Gregor
Mendel (1822 – 1884)
(Johann
Gregor Mendel; Heizendorf, hoy Hyncice, actual República
Checa, 1822 - Brünn, hoy Brno, id., 1884) Biólogo
austriaco. Su padre era veterano de las guerras napoleónicas
y su madre, la hija de un jardinero. Tras una infancia marcada
por la pobreza y las penalidades, en 1843 Johann Gregor Mendel
ingresó en el monasterio agustino de Königskloster,
cercano a Brünn, donde tomó el nombre de Gregor
y fue ordenado sacerdote en 1847. Residió en la abadía
de Santo Tomás (Brünn) y, para poder seguir la
carrera docente, fue enviado a Viena, donde se doctoró en
matemáticas y ciencias (1851).
En
1854 Mendel se convirtió en profesor suplente de la
Real Escuela de Brünn, y en 1868 fue nombrado abad del
monasterio, a raíz de lo cual abandonó de forma
definitiva la investigación científica y se dedicó en
exclusiva a las tareas propias de su función.
El
núcleo de sus trabajos –que comenzó en
el año 1856 a partir de experimentos de cruzamientos
con guisantes efectuados en el jardín del monasterio– le
permitió descubrir las tres leyes de la herencia o leyes
de Mendel, gracias a las cuales es posible describir los mecanismos
de la herencia y que fueron explicadas con posterioridad por
el padre de la genética experimental moderna, el biólogo
estadounidense Thomas Hunt Morgan (1866-1945).
En el siglo XVIII se había desarrollado ya una serie de importantes
estudios acerca de hibridación vegetal, entre los que destacaron
los llevados a cabo por Kölreuter, W. Herbert, C. C. Sprengel
y A. Knight, y ya en el siglo XIX, los de Gärtner y Sageret (1825).
La culminación de todos estos trabajos corrió a cargo,
por un lado, de Ch.

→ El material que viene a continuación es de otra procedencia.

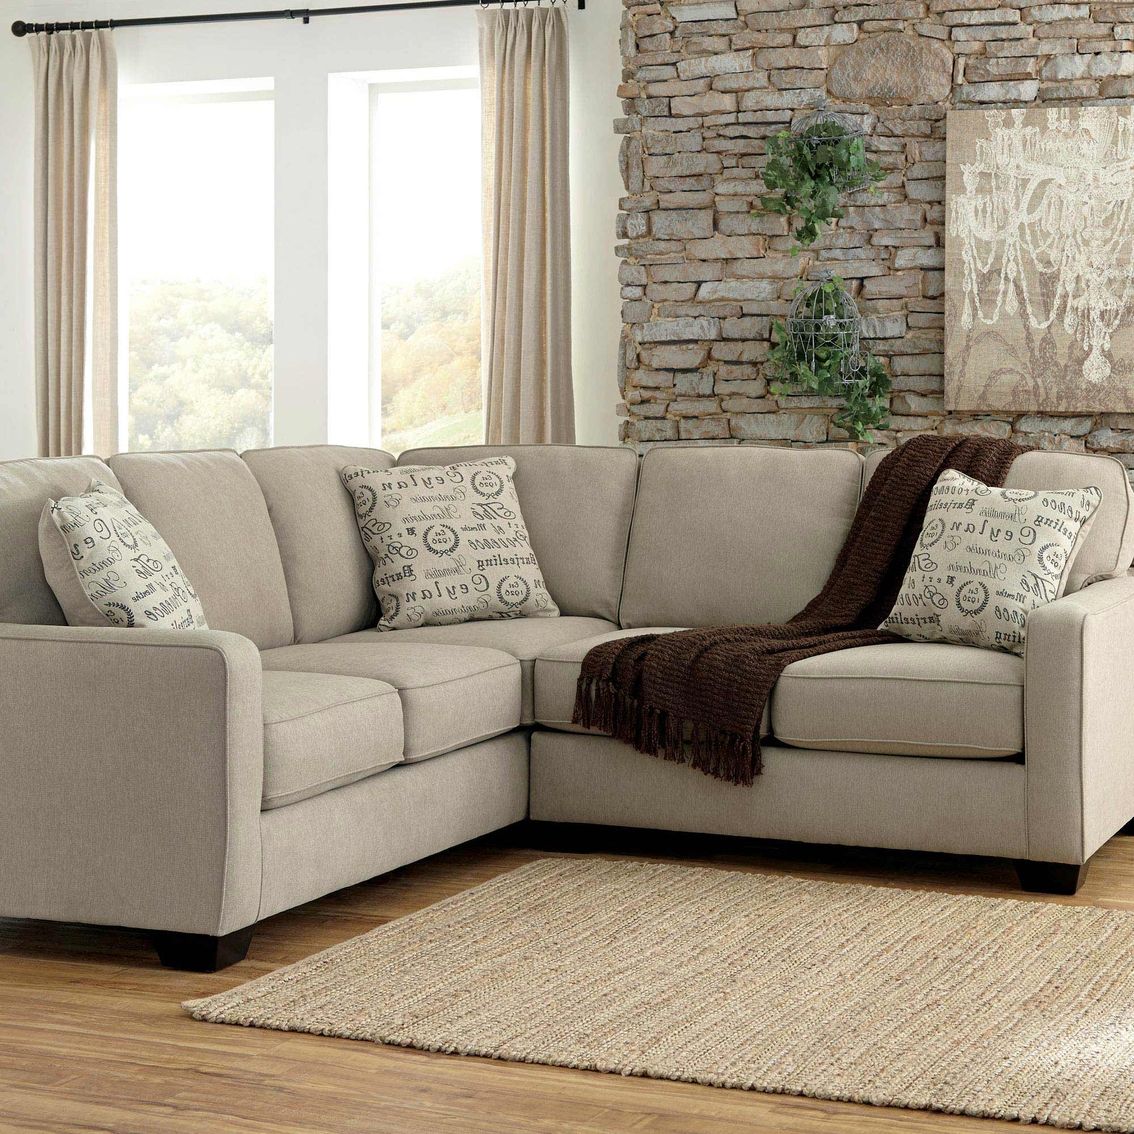 Small 2 Pc Sectional Sofa Kerri Charcoal 2 Piece Sectional Within 2Pc Burland Contemporary Sectional Sofas Charcoal (View 11 of 15)

Naudin (1815-1899) y, por el otro, de Gregor Mendel,
quien llegó más lejos que Naudin.
Las
tres leyes descubiertas por Mendel se enuncian como sigue:
según la primera, cuando se cruzan dos variedades puras
de una misma especie, los descendientes son todos iguales y
pueden parecerse a uno u otro progenitor o a ninguno de ellos;
la segunda afirma que, al cruzar entre sí los híbridos
de la segunda generación, los descendientes se dividen
en cuatro partes, de las cuales una se parece a su abuela,
otra a su abuelo y las dos restantes a sus progenitores; por último,
la tercera ley concluye que, en el caso de que las dos variedades
de partida difieran entre sí en dos o más caracteres,
cada uno de ellos se transmite de acuerdo con la primera ley
con independencia de los demás.
Para
realizar sus trabajos, Mendel no eligió especies, sino
razas autofecundas bien establecidas de la especie Pisum sativum.
La primera fase del experimento consistió en la obtención,
mediante cultivos convencionales previos, de líneas
puras constantes y en recoger de manera metódica parte
de las semillas producidas por cada planta. A continuación
cruzó estas estirpes, dos a dos, mediante la técnica
de polinización artificial. De este modo era posible
combinar, de dos en dos, variedades distintas que presentan
diferencias muy precisas entre sí (semillas lisas-semillas
arrugadas; flores blancas-flores coloreadas, etc.).
El
análisis de los resultados obtenidos permitió a
Mendel concluir que mediante el cruzamiento de razas que difieren
al menos en dos caracteres, pueden crearse nuevas razas estables
(combinaciones nuevas homocigóticas). Pese a que remitió sus
trabajos con guisantes a la máxima autoridad de su época
en temas de biología, W. von Nägeli, sus investigaciones
no obtuvieron el reconocimiento hasta el redescubrimiento de
las leyes de la herencia por parte de H. de Vries, C. E. Correns
y E. Tschernack von Seysenegg, quienes, con más de treinta
años de retraso, y después de haber revisado
la mayor parte de la literatura existente sobre el particular,
atribuyeron a Johan G. Mendel la prioridad del descubrimiento.